Physical characteristics
- Source: Confluence of Middle Fork and North Fork
- • location: Near Kaycee, Wyoming
- • coordinates: 43°40′30″N 106°30′45″W﻿ / ﻿43.67500°N 106.51250°W
- • elevation: 4,564 ft (1,391 m)
- Mouth: Yellowstone River
- • location: Near Terry, Montana
- • coordinates: 46°44′00″N 105°26′02″W﻿ / ﻿46.73333°N 105.43389°W
- • elevation: 2,241 ft (683 m)
- Length: 375 mi (604 km)
- Basin size: 21,875 sq mi (56,660 km^{2})
- • location: Locate, MT
- • average: 558 cu ft/s (15.8 m^{3}/s)
- • minimum: 0 cu ft/s (0 m^{3}/s)
- • maximum: 31,000 cu ft/s (880 m^{3}/s)

Basin features
- • left: Crazy Woman Creek, Clear Creek, Mizpah Creek
- • right: Wild Horse Creek (Wyoming), Little Powder River

= Powder River (Wyoming and Montana) =

River in Wyoming and Montana, United States

Powder River is a tributary of the Yellowstone River, approximately 375 mi long in northeastern Wyoming and southeastern Montana in the United States. Combined with its tributary, the South Fork Powder River, it is 550 miles long. It drains an area historically known as the Powder River Country on the high plains east of the Bighorn Mountains.
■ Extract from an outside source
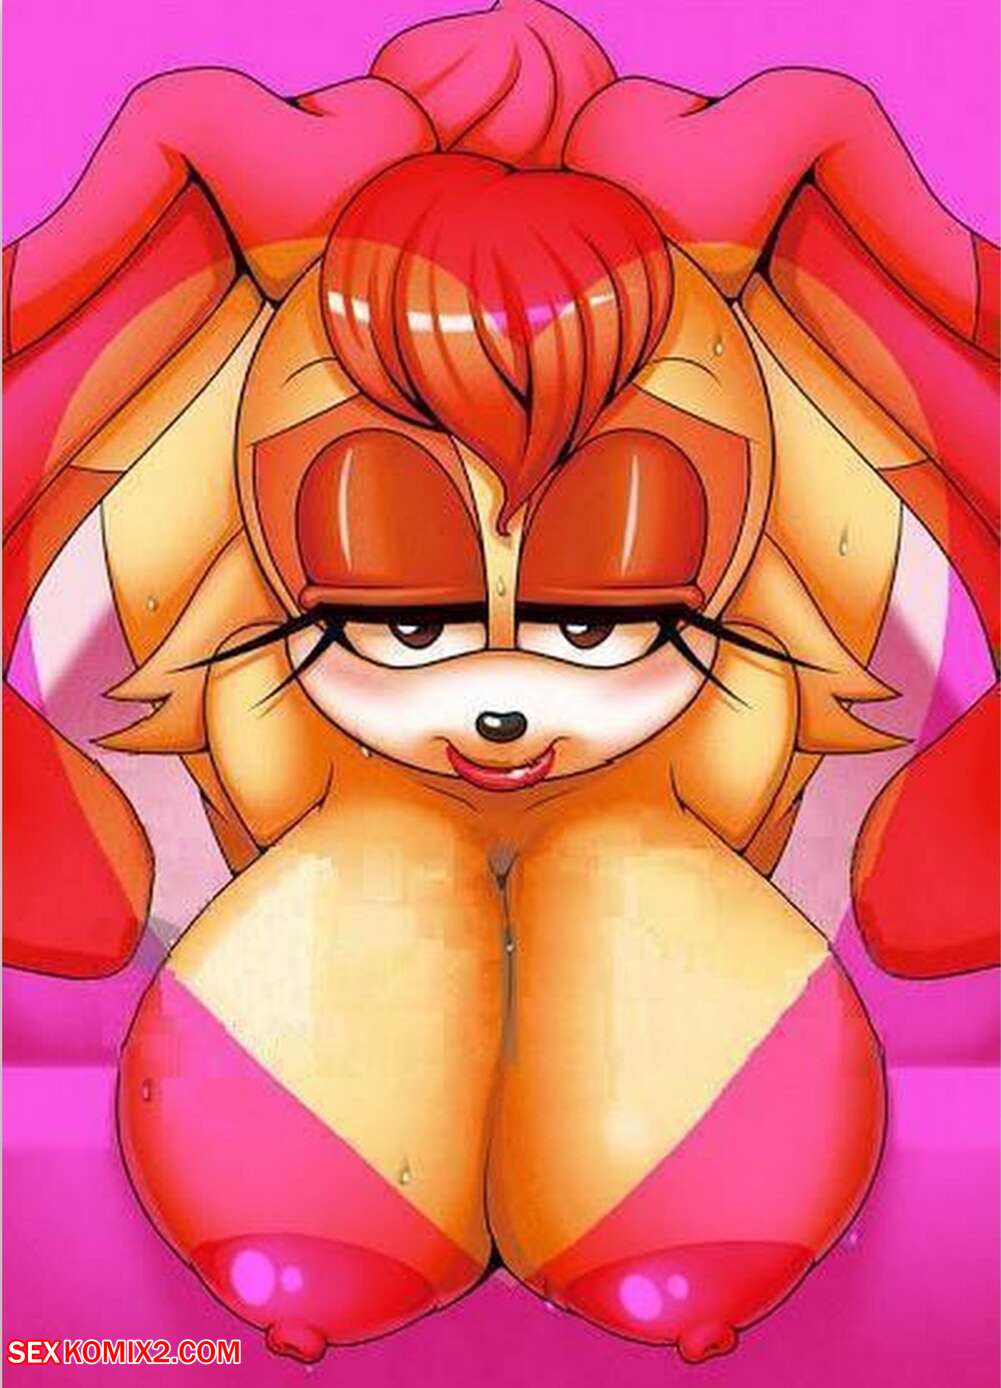 Sonic Furry Anime Porn - âœ…ï¸ Porn comic Sonic the Hedgehog. Canned furry. Arts Sex comic selection of  arts | Porn comics in English for adults only | sexkomix2.com

It rises in four forks in north central Wyoming. The North, Red, and Middle forks rise along the eastern slope of the Bighorn Mountains. The South Fork rises on the southern slopes of the Bighorn Mountains west of Casper. The four forks meet on the foothills east of the Bighorns near the town of Kaycee. The combined stream flows northward, east of the Bighorns, and into Montana. It accepts the Little Powder near the town of Broadus, and discharges into the Yellowstone approximately 50 mi downriver from Miles City, Montana. The Powder River was so named (in the English language and local indigenous languages) because the sand along a portion of its banks resembles powder or dust.

== Middle Fork ==
The Middle Fork begins in the extreme north of Natrona County, flowing north and then eastward toward Kaycee. While descending the mountains, the river passes through the 500-foot deep Outlaw Canyon, so named for the numerous wild west bandits, including Jesse James and the Wild Bunch, who would hide out in caves in the canyon when pursued by law enforcement. The mouth of the canyon is only a few miles from Hole-in-the-Wall to the southeast.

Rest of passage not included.